Toprak mukavemeti de dökülmeden sonra yarı yarıya azaldı. Dökülmeden önce, toprağın üstteki 30 santimetrelik ortalama kuvveti, fizikteki basıncı ölçen 26,9 kilopaskaldı. Toprak mukavemeti 2011’de düşük bir noktada 11,5 kilopaskal’a düştü. Mukavemet daha sonra yılda yüzde 5 oranında toparlanmaya başlasa da, saha çalışmasının son yılı olan 2018’de hala tam olarak iyileşmedi. 16.4 kilopaskal’a tırmanmıştı.

Bu kısmen, sızıntıdan bu yana geçen yıllarda meydana gelen şiddetli fırtınalardan kaynaklanmaktadır. McClenachan, ilk petrol sızıntısının o zamanlar bataklık olan kıyıdaki birçok bitkiyi öldürdüğünü söylüyor. Bunlar öldükten sonra, bataklık çimen kökleri tarafından tutulan toprak gevşetildi ve yıkandı. Ancak yağ suda kaldı ve daha fazla bitkiyi öldürdüğü bataklığa doğru itildi.

McClenachan, “Bataklıkta hâlâ petrol olduğu için toprak gücü eski haline gelmedi ve bu, petrol sızıntısından önce meydana gelmeyen fırtınalar sırasında gerçekten güçlü erozyon olaylarına neden oluyor” diyor.

Uydu görüntülerinin analizi, dökülmeden sonra bataklık kaybı oranının iki katına çıktığını gösterdi.

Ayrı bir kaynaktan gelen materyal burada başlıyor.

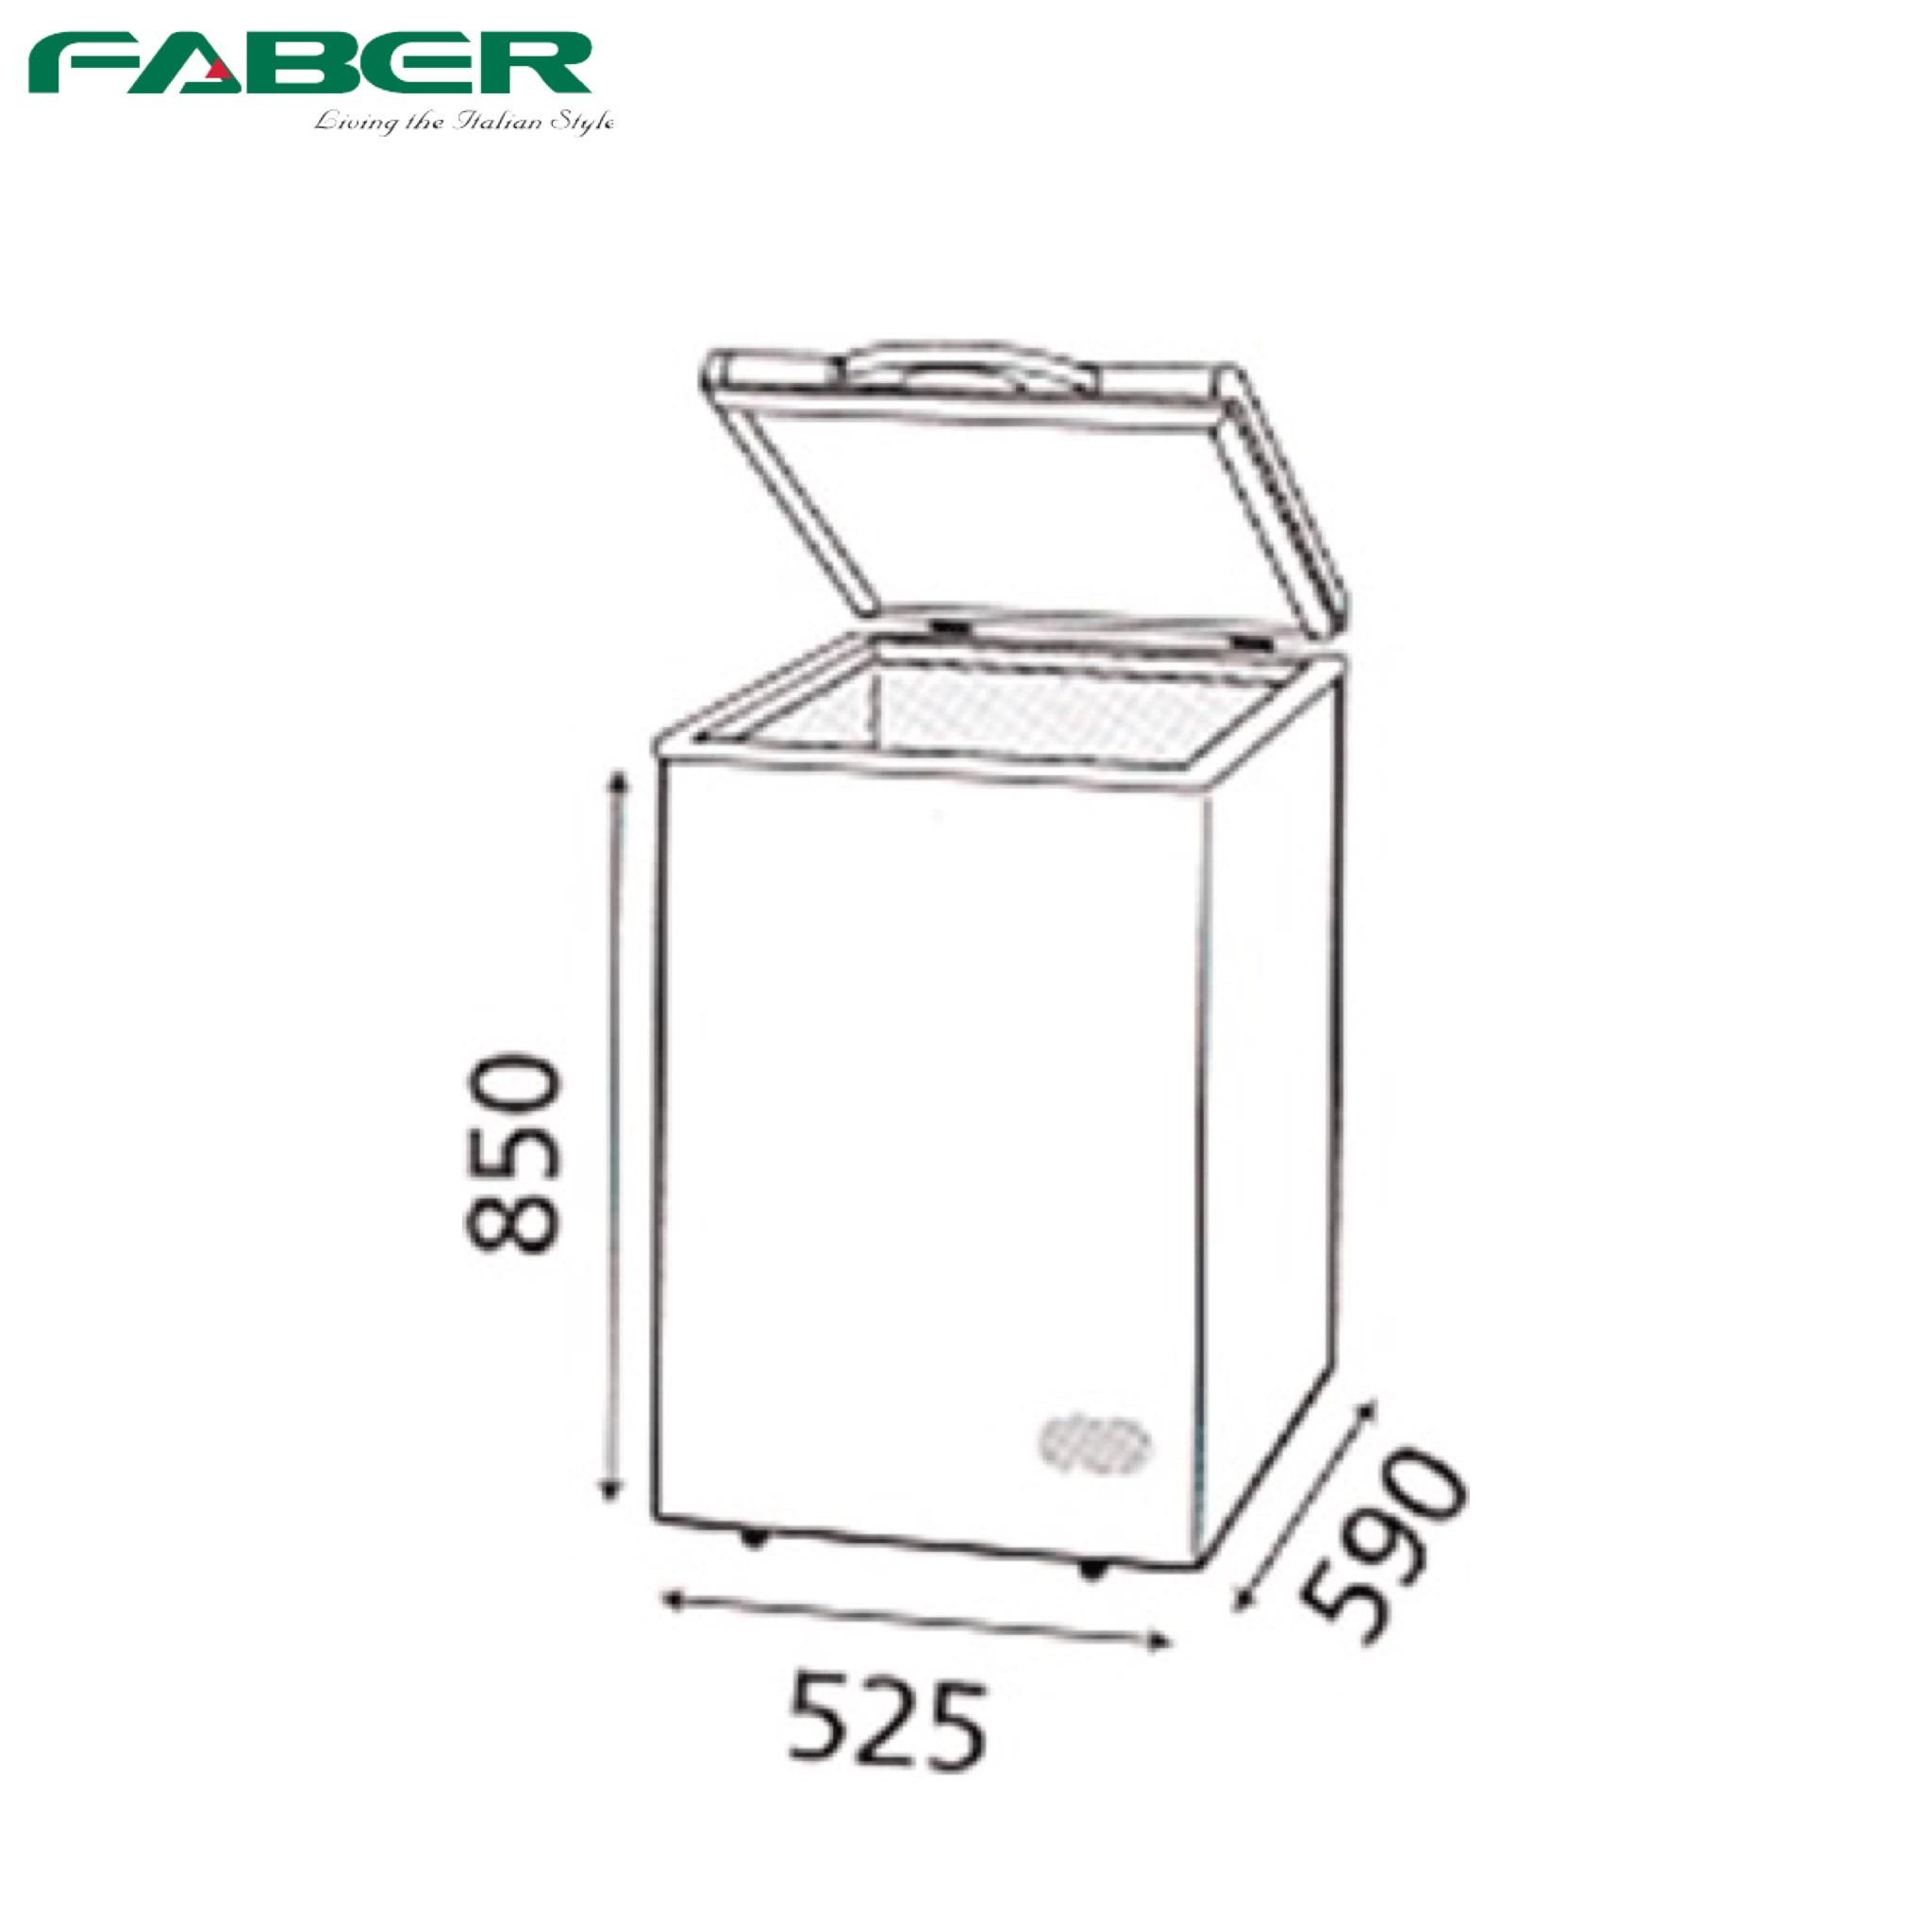 Faber FZF128N Chest Freezer 100L
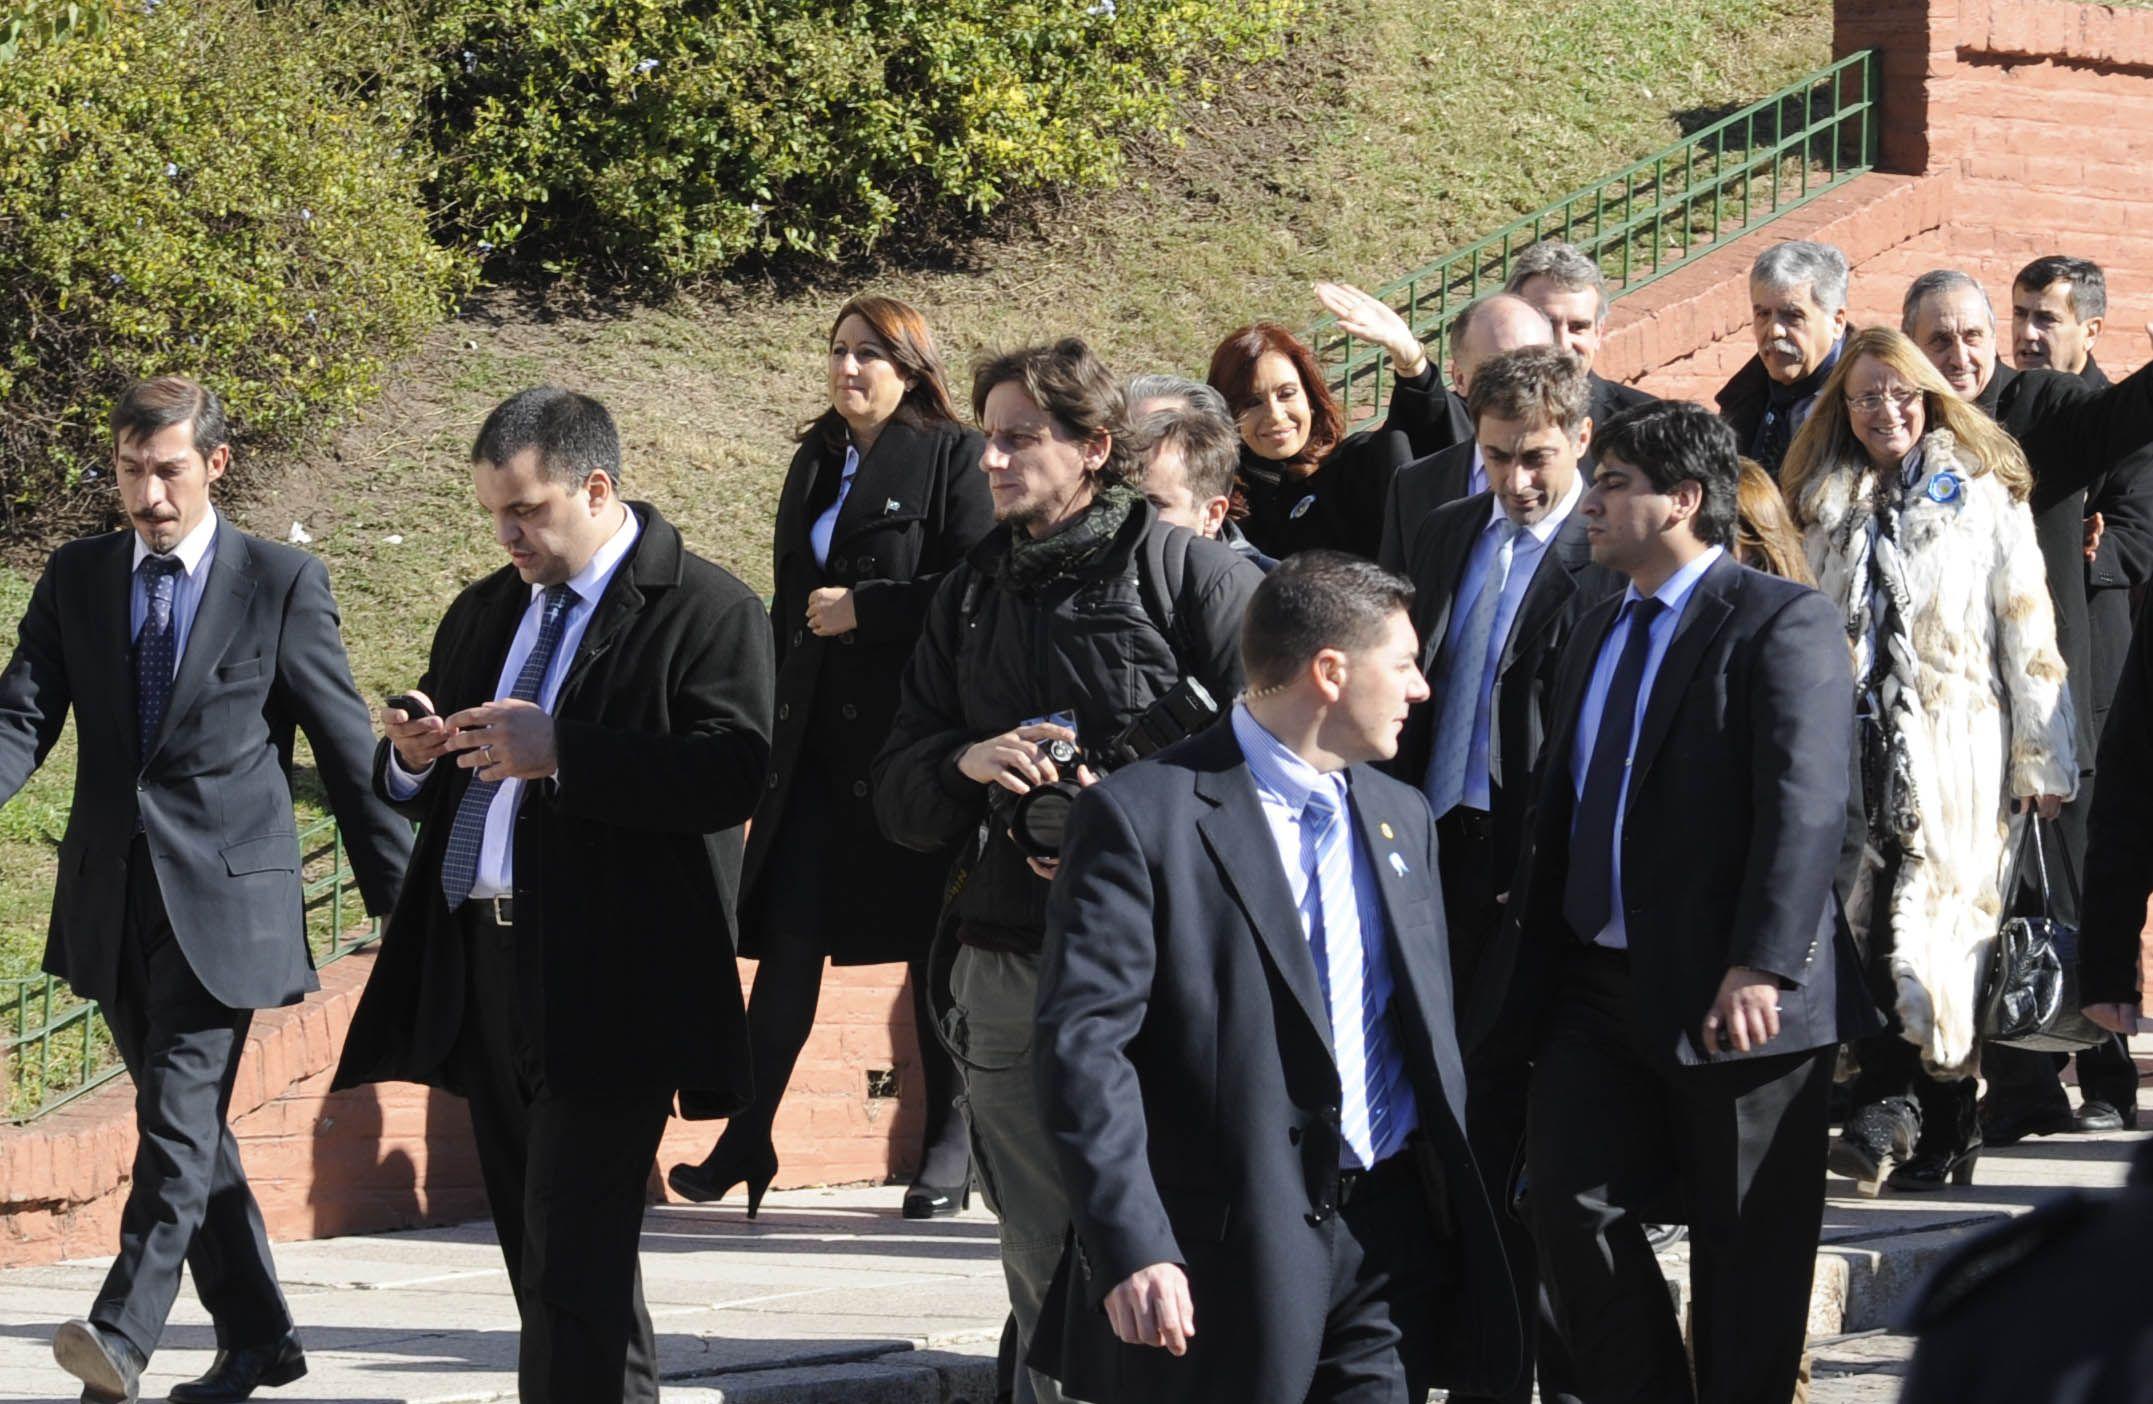 En compañía de la intendenta Mónica Fein y del vicegobernador Jorge Henn

Bataklık seviyelerinin doğal kayması ve deniz seviyesinin yükselmesi gibi insan kaynaklı faktörlerin bir kombinasyonu nedeniyle, çalışma alanı boyunca kıyı şeridi, dökülmeden önce yılda ortalama 0,8 metre alçalmaktaydı. Ancak bu kayıp, daha sonra yılda ortalama yaklaşık 1,7 metreye yükseldi, ancak 2012’de Isaac Kasırgası’nın Louisiana’yı vurmasından sonraki 12 ay içinde bataklık kabaca 2,5 metre geriledi.

Bazı araştırmalar, son on yılda kıyı şeridi erozyonunu fırtınalardan çok petrol sızıntısının etkileyip etkilemediğini sorguladı. Ancak McClenachan’ın uydu analizine göre, petrol sızıntısından yıllar önce 2005’te Louisiana kıyılarını vuran Katrina Kasırgası, petrol sızıntısından sonraki çok daha zayıf fırtınalar kadar kıyı kaybına neden olmadı. Bu, bunun bir ya/ya da sorusu olmadığını gösterir; bunun yerine petrol sızıntısının kalıcı etkileri, kıyı şeridini fırtına hasarına karşı daha savunmasız hale getirdi.

Tallahassee, Fla’da özel bir araştırma danışmanlığı şirketi olan Research Planning Inc.’de çevre bilimcisi olan Scott Zengel, yeni çalışmanın, sızıntının toprağın stabilitesi üzerindeki etkisini de göstermesi bakımından benzersiz olduğunu söylüyor. Deepwater Horizon felaketi.

“Gerçekten bir erozyon etkisinin olduğu fikrini doğruluyor” diyor ve çalışmanın uzunluğunun, petrolün bataklıktaki değişikliklerde rol oynadığını gösteren önceki araştırmaları tamamladığını ekliyor.

Bu değişiklikler bir dereceye kadar azaltılabilir. Zengel’in çalışması, bataklık otlarını yeniden dikmek gibi tekniklerin kıyı şeridi erozyon oranını azaltmaya yardımcı olabileceğini gösteriyor. Toprak tutuşunu artırmak için, “gerçekten bitkilerin kilit faktörlerden biri olduğuna işaret ediyor” diyor.